Using a novel senolytic drug, scientists have successfully eliminated senescent cells in human skin transplanted into mice. The treatment led to prolonged skin rejuvenation [1].
Senescence and senolytics
Senescent cells, also known as “zombie cells”, are cells that have stopped proliferating after being subjected to any of several types of stress (replicative, chemical, radiational, etc.) but evade clearance by the immune system. Such cells secrete the senescence-associated secretory phenotype (SASP), a cocktail of mostly harmful molecules that harm neighboring cells, driving more of them towards senescence and promoting inflammation. Cellular senescence is one of the hallmarks of aging.
Clearing away senescent cells with senolytics is a popular emerging strategy in the longevity field, but creating effective therapies have proved tricky. However, attempts continue, as evidenced by this new study coming from Japan.
Clearing out senescent fibroblasts in vitro
The researchers experimented with a recently discovered senolytic, which has a long chemical name shortened to BPTES. It works by inhibiting the enzyme glutaminase, which is essential for the survival of senescent cells [2]. Their goal was to see whether BPTES can effectively target senescent human skin cells in vitro and in vivo and whether clearing out those cells can lead to actual skin rejuvenation.
For their in vitro experiments, the researchers used human fibroblasts. Skin is thought to be one of the organs most affected by cellular senescence, with 15-60% of fibroblasts in the skin of aging mice being senescent [3]. Senescent cells are not always harmful. They play a role in wound healing [4], which is obviously important when it comes to skin, but with age, the “dark side” of senescent cells prevails.
The researchers induced senescence in the fibroblasts by three different method: replication, radiation, and treatment with doxorubicin, a chemotherapy drug. Such thoroughness is required, because senescence phenotypes differ significantly. The researchers then confirmed that some of the fibroblasts became senescent.
Here again, three different popular markers were used: senescence-associated ß-galactosidase (SA-ß-gal), p16, and p21. For additional robustness, senescence was also confirmed using morphological analysis, as senescent cells are generally larger and flatter than healthy cells. Another assay confirmed that proliferation levels in the culture had dropped as expected.
BPTES was used in different doses to eliminate the senescent fraction of the fibroblasts. The effect on the senescent cells was dose dependent. The highest dose decreased senescent cell viability almost to zero while barely affecting the viability of non-senescent cells, which shows both high efficacy and high specificity.
Rejuvenating human skin… in mice
To investigate the effect of BPTES on actual aged human skin, the researchers transplanted patches of it into naked mice. Prior to the transplantation, the samples were stained for senescence markers, which showed an abundance of senescent cells. The researchers then treated the transplants with BPTES and followed up for one month.

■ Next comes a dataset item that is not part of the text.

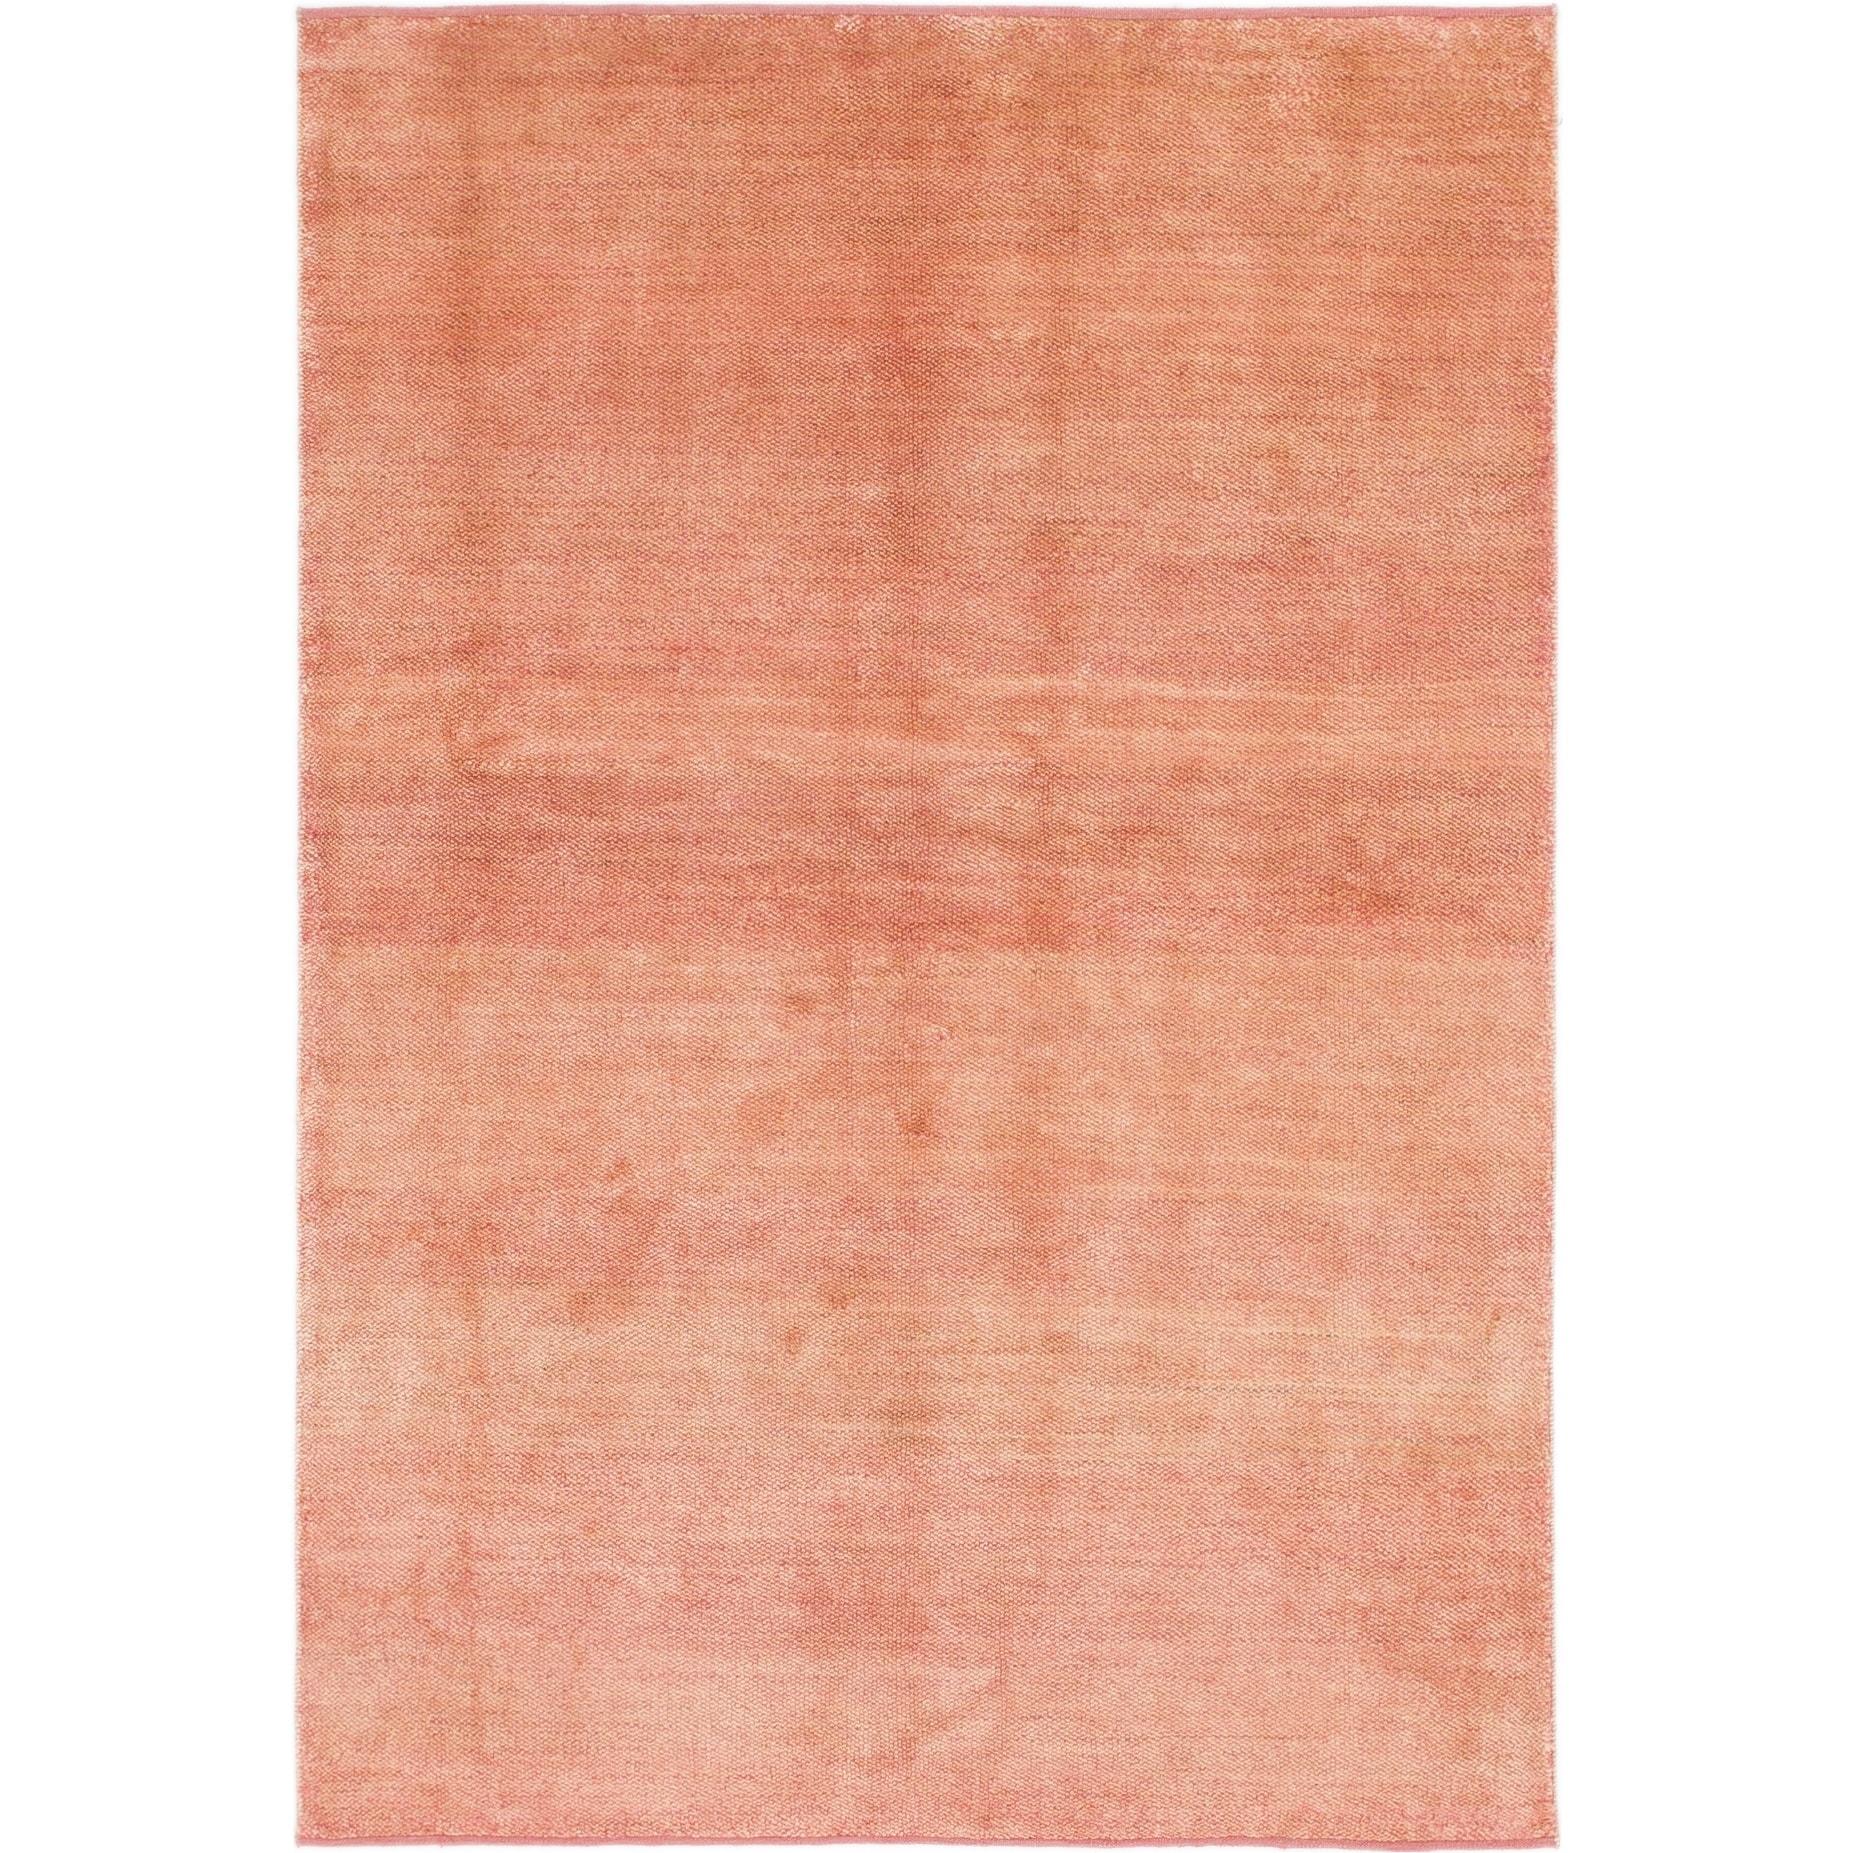 Hand Knotted Kashkuli Gabbeh Wool Area Rug - 5 6 x 8 (puce - 5 6 x 8)

The treatment drastically reduced the number of cells that tested positive for SA-ß-gal, p16, and p21. Importantly, the levels of cellular senescence remained low even after a month of follow-up, indicating a protracted effect. The researchers also measured the proliferation marker Ki67 and saw a very significant increase in the rate of cell division following the treatment. BPTES also attenuated the levels of several SASP molecules that were elevated in the skin prior to transplantation (metalloproteinases and the inflammatory cytokines IL-1a, IL6, and TNFα).

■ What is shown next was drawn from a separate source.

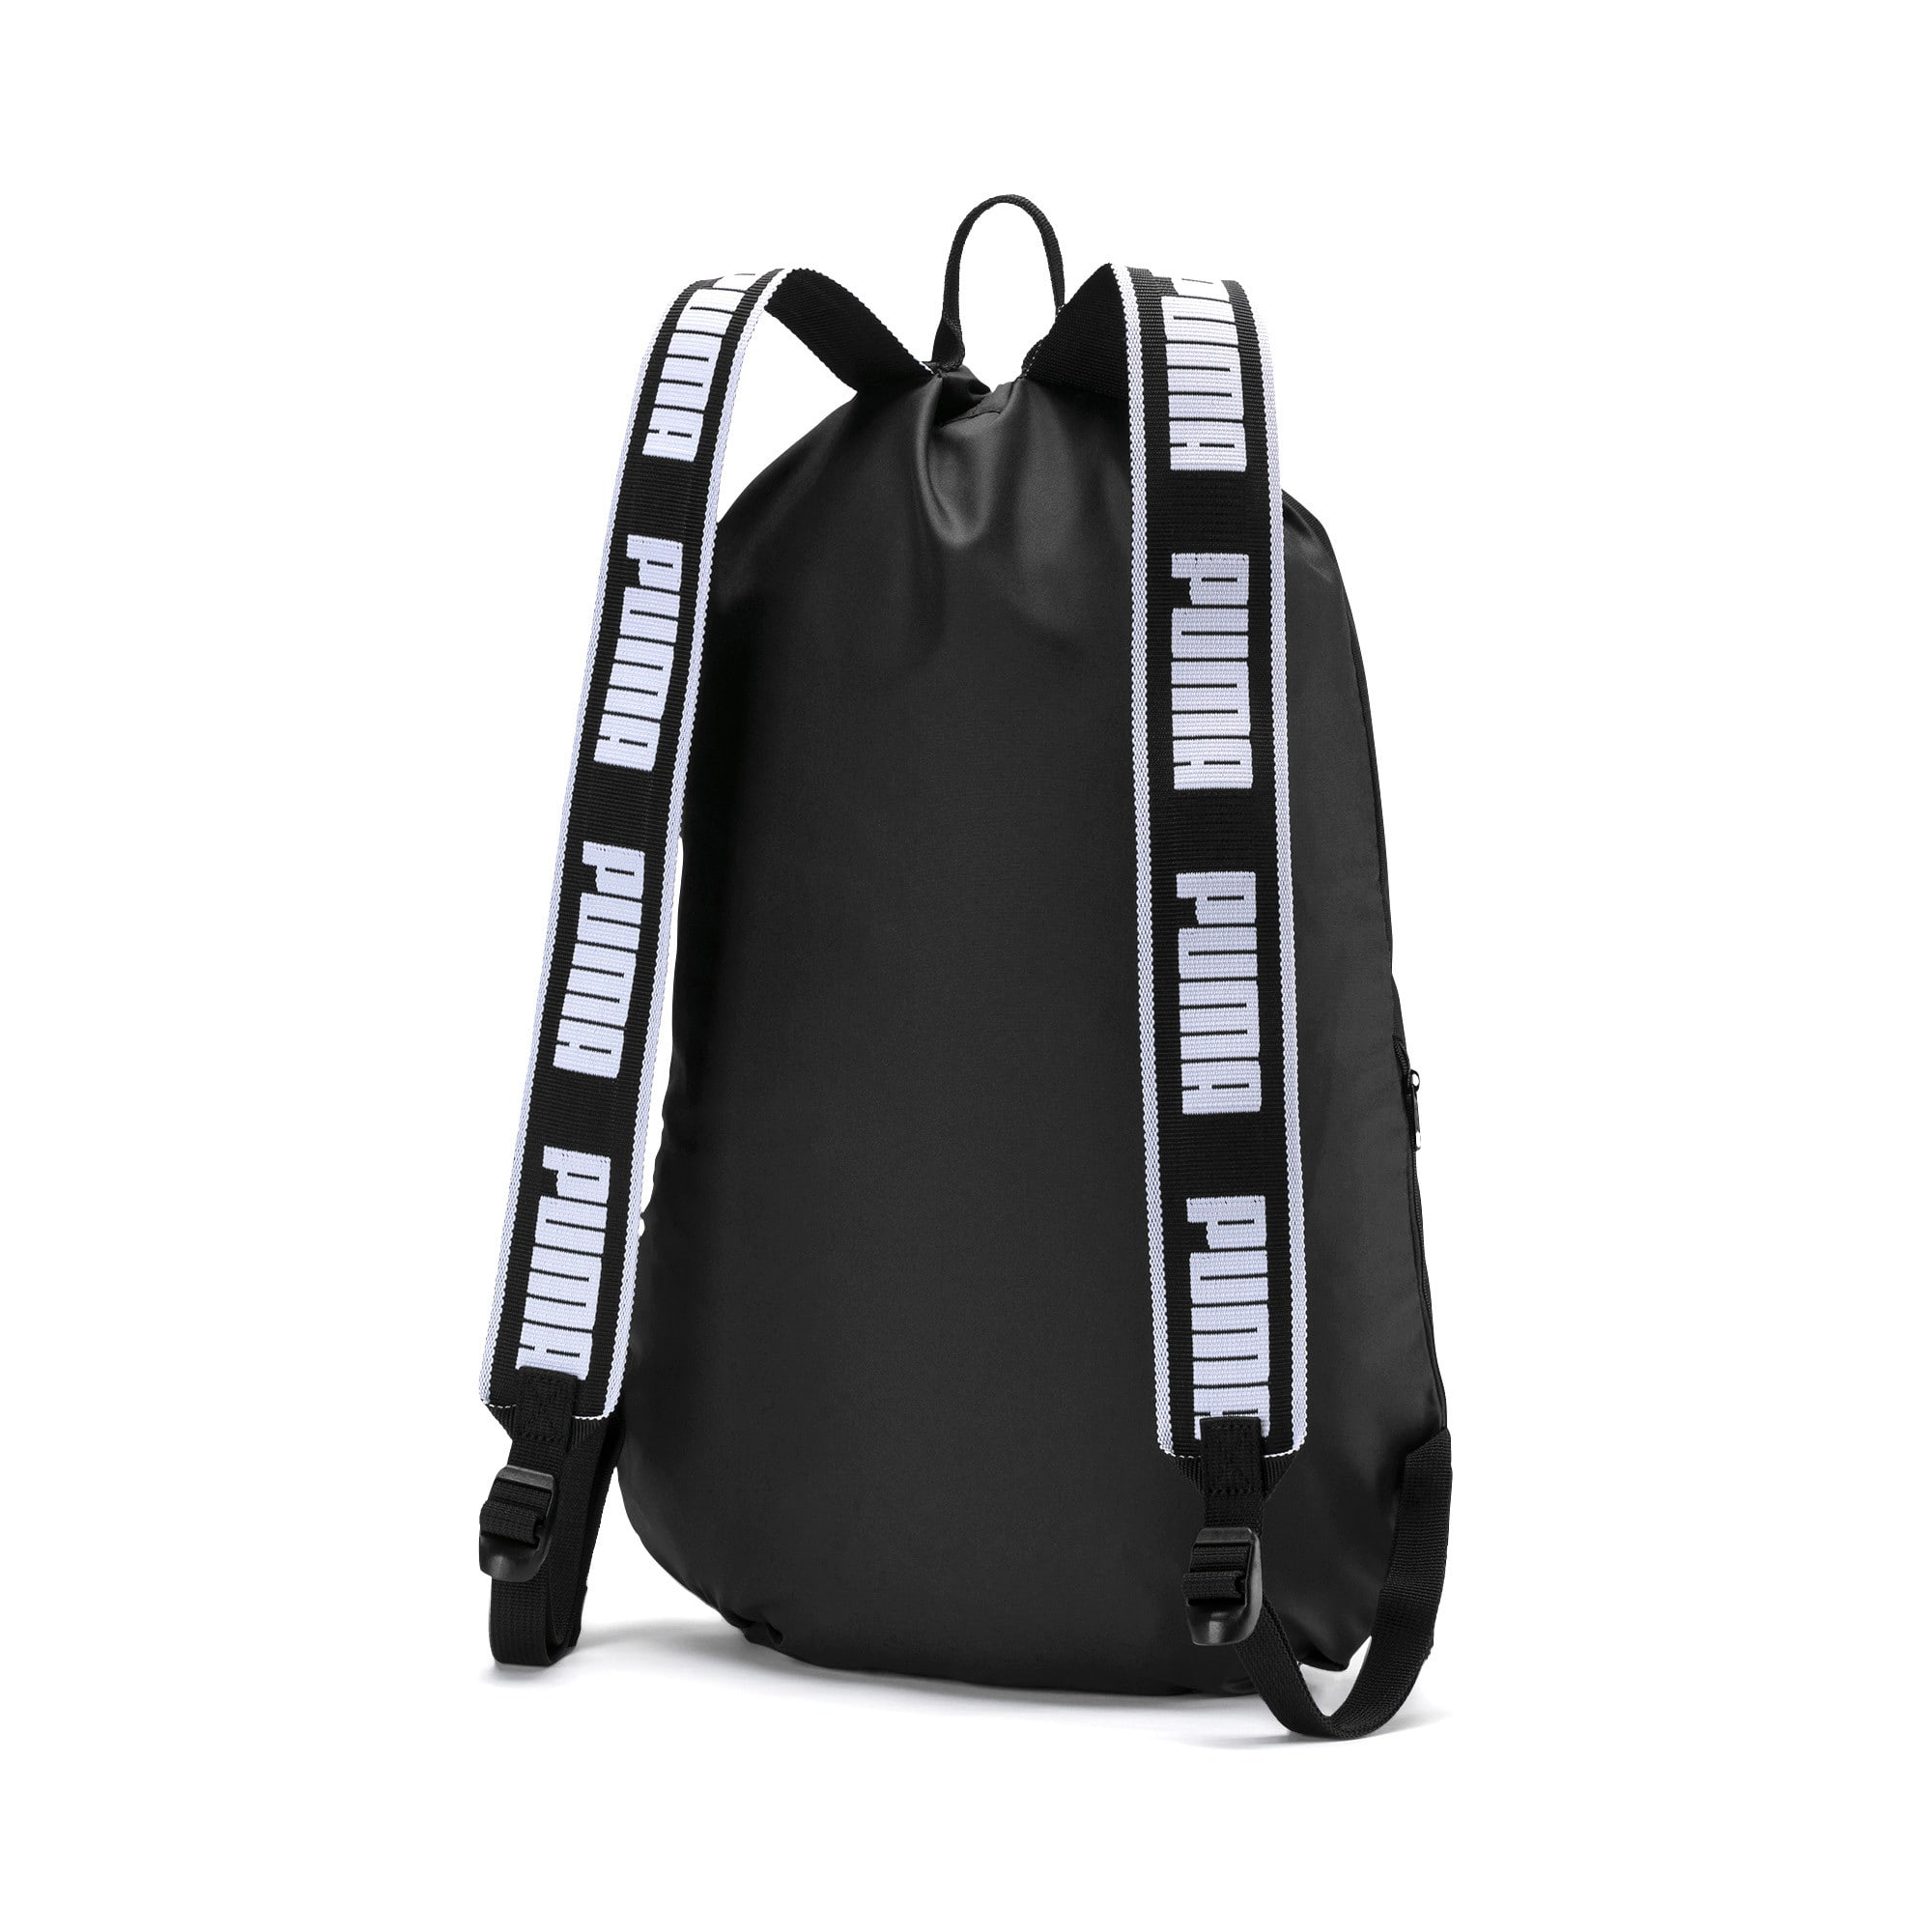 Thumbnail 2 of Sole Smart Bag, Puma Black, medium-IND

Collagen density, which determines skin elasticity and decreases with age, was significantly increased by the treatment, as shown by histological analysis. The mRNA expression of Col1A1, the gene that produces type I collagen, was more than twice as high in the treated transplants than in controls. Moreover, collagen levels remained high during the month-long follow-up. This suggests that senolysis might be a viable strategy for long-term skin rejuvenation.
Conclusion
In this study, the researchers were able to cause an impressive reduction of cellular senescence in human skin both in vitro and in vivo. The treatment had a protracted rejuvenative effect on aged human skin samples transplanted into mice. It is easy to see how this can lead to actual human trials in the near future.
Literature
[1] Takaya, K., Ishii, T., Asou, T., & Kishi, K. (2022). Glutaminase inhibitors rejuvenate human skin via clearance of senescent cells: a study using a mouse/human chimeric model. Aging, 14.
[2] Johmura, Y., Yamanaka, T., Omori, S., Wang, T. W., Sugiura, Y., Matsumoto, M., … & Nakanishi, M. (2021). Senolysis by glutaminolysis inhibition ameliorates various age-associated disorders. Science, 371(6526), 265-270.
[3] Wang, C., Jurk, D., Maddick, M., Nelson, G., Martin-Ruiz, C., & Von Zglinicki, T. (2009). DNA damage response and cellular senescence in tissues of aging mice. Aging cell, 8(3), 311-323.
[4] Wilkinson, H. N., & Hardman, M. J. (2020). Senescence in wound repair: emerging strategies to target chronic healing wounds. Frontiers in cell and developmental biology, 8, 773.